▸ **WHAT IS BEING ASKED**
Each line of the data holding "Stockfoto" should be found and copied.

▸ **Collection entries**
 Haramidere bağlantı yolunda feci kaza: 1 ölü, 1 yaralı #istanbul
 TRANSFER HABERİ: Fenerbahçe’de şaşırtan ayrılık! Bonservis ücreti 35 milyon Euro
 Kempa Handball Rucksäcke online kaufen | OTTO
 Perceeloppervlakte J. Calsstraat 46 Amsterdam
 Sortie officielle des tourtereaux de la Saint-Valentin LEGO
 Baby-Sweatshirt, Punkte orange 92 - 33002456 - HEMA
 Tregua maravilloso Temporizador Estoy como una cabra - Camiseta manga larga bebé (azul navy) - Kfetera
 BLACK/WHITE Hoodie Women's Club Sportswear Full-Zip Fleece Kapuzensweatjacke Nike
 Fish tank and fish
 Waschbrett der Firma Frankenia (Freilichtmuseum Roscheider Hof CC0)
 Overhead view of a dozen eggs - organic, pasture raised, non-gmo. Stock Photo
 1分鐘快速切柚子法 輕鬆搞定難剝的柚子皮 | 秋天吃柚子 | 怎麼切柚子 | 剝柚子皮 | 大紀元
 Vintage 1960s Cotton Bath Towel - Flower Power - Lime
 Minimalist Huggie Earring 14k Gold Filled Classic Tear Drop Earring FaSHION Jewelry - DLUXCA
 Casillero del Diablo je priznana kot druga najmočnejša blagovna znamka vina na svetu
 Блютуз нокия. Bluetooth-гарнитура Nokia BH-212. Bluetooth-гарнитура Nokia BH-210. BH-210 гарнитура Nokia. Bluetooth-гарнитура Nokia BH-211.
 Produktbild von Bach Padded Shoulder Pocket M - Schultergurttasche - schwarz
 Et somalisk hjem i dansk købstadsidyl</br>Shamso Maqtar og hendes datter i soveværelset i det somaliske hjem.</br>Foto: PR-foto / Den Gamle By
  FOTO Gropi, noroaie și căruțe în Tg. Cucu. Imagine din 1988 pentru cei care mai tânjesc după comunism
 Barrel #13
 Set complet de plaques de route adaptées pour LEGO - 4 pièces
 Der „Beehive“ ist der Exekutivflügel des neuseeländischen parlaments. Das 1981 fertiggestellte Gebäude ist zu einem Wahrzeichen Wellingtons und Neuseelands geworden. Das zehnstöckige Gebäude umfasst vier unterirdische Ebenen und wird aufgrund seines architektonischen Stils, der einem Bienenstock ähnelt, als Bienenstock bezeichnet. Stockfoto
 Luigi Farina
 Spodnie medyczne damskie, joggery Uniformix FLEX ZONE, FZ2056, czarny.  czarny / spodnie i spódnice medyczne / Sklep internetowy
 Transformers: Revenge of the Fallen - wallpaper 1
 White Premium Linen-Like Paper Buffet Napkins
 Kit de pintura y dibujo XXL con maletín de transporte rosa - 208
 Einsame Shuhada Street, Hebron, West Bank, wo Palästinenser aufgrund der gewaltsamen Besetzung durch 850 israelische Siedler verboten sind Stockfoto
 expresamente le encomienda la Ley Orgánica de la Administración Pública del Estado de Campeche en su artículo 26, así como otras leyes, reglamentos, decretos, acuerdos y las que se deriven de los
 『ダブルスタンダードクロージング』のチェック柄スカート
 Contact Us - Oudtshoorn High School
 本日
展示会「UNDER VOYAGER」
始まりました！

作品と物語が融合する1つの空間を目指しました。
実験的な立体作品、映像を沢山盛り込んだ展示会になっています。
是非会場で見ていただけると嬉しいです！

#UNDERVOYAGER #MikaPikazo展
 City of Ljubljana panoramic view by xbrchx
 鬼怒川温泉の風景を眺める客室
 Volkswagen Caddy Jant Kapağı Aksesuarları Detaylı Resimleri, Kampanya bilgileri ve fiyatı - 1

▸ **ANSWER BELOW**
 Der „Beehive“ ist der Exekutivflügel des neuseeländischen parlaments. Das 1981 fertiggestellte Gebäude ist zu einem Wahrzeichen Wellingtons und Neuseelands geworden. Das zehnstöckige Gebäude umfasst vier unterirdische Ebenen und wird aufgrund seines architektonischen Stils, der einem Bienenstock ähnelt, als Bienenstock bezeichnet. Stockfoto
 Einsame Shuhada Street, Hebron, West Bank, wo Palästinenser aufgrund der gewaltsamen Besetzung durch 850 israelische Siedler verboten sind Stockfoto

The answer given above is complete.